Using Brand Jingles as Punchlines (Not as Wallpaper)
Your jingle is 40 years of audience training. Stop treating it like background music.
Most brand jingles are wasted. They play throughout the ad as background music, or worse, as the hook sung over a drone shot of the product. The audience tunes them out by second three because the jingle is doing no narrative work.
This is a mistake. A jingle is a weapon. Forty years of radio and TV spending has trained your audience to recognize it. When you treat that recognition as wallpaper, you're spending a billion-dollar asset on a whim.
How jingles actually work
A jingle is a compressed memory. When the audience hears "Nationwide is on your side" or "Ba-da-ba-ba-ba, I'm lovin' it" or "Plop plop, fizz fizz," their brain fires every association it's ever made with the brand. Pricing. Store visits. Commercials from childhood. All of it, in half a second.
That's an enormous trigger. And most brands waste it by playing the jingle for the whole ad, which means none of the individual associations get a chance to land. The trigger gets diluted.
The better move is to use the jingle surgically. Not as a soundtrack, but as a punchline.

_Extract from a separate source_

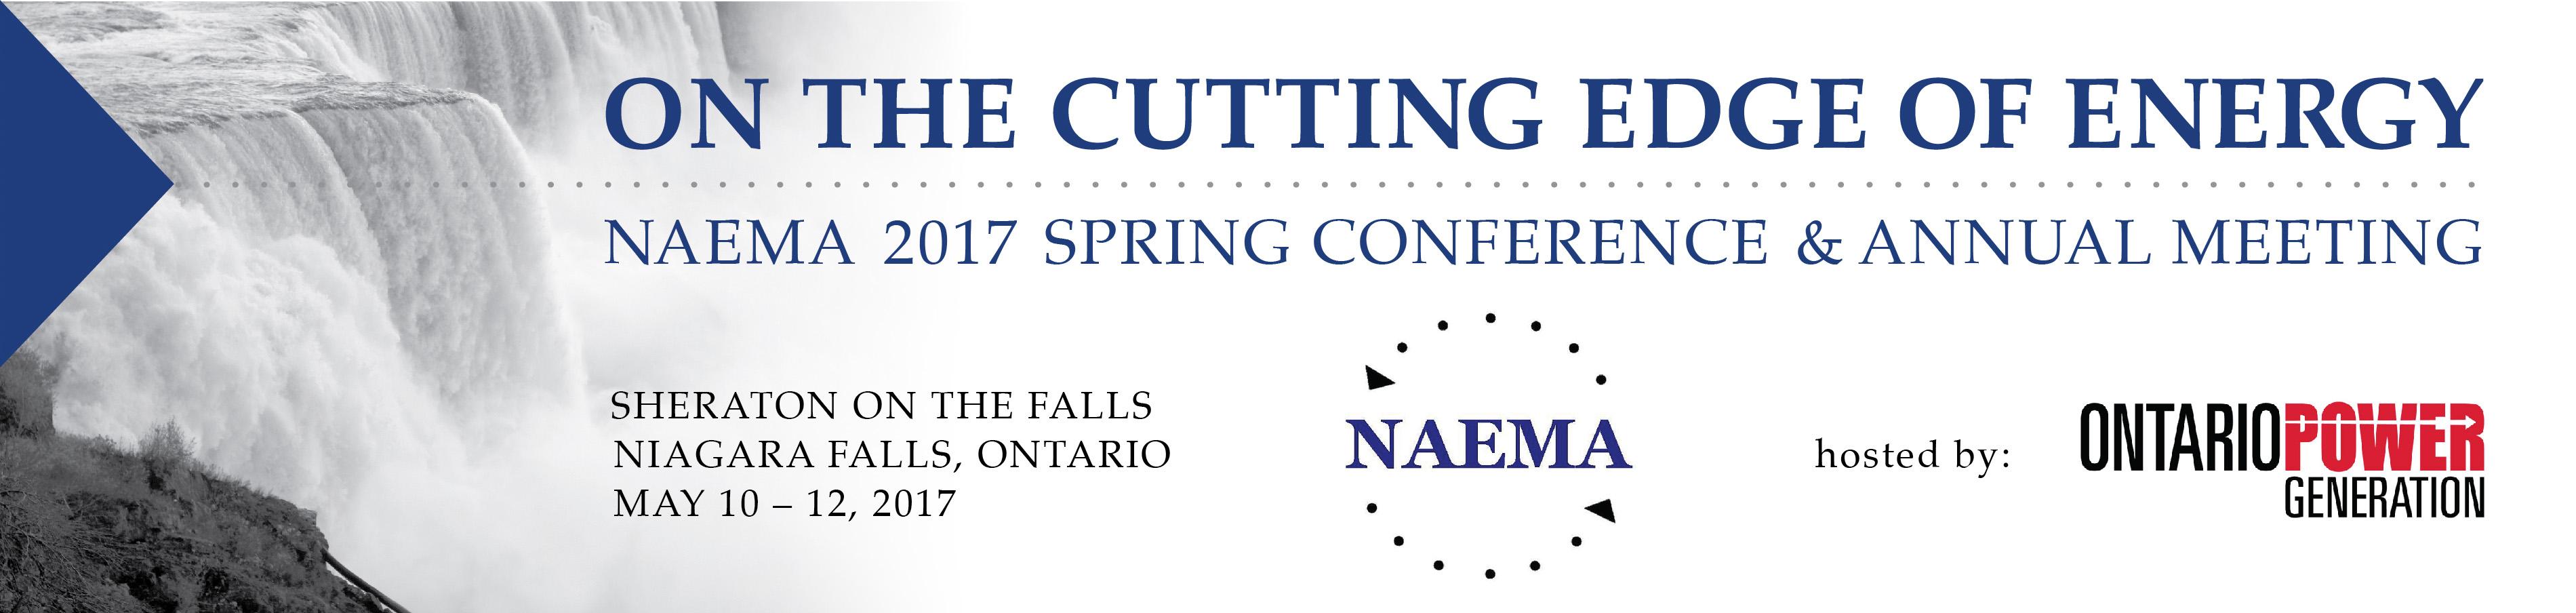 NAEMA 2017 Spring Conf logo-final

The closing-button technique
Here's the technique that works. Build your ad without the jingle. Let the dialogue, the visuals, the joke do all the work. Hold the jingle back. Hold it all the way back.
Then, in the final 1.5 seconds, play the jingle. One phrase, no more. Either full-strength or slightly muted for flavor. Ideally over a simple shot — the mascot's face, the product on a counter, a cut to black.
The effect is a button that closes the ad. All the brand equity the jingle carries gets concentrated into the final moment. The viewer leaves the ad with the jingle on their lips because it's the last thing they heard.
Compare to an ad where the jingle plays throughout: the viewer leaves remembering nothing specific, because the jingle was ambient, not punctuating.
The reversal technique
A more advanced move: use the jingle ironically inside the ad. Mute the ad's action, play three notes of the jingle, freeze frame. The viewer recognizes it and laughs. Cut back to the action.
This only works if your brand has an iconic jingle. Testing: can you hum three notes and have your audience identify the brand? If yes, reversal is available to you. If no, use the closing button.
McDonald's has "I'm lovin' it." Intel has its five-note motif. Nationwide, State Farm, Geico, Coca-Cola — all have bankable jingles.
The mute test, again
I come back to this test a lot because it keeps working. Mute your entire ad. Watch it silent. Does the ad still make sense?
If yes, the visuals are load-bearing. Now unmute only the jingle at the end. Does the ad now feel finished in a way it didn't before?
If yes, you've used the jingle correctly — as an ending, not as a backdrop. Congratulations.
If no — if the ad needed the jingle throughout to work — then you've built an ad that's dependent on audio. Eighty percent of your audience is watching muted. Rewrite so the visuals carry the weight, and save the jingle for the punchline.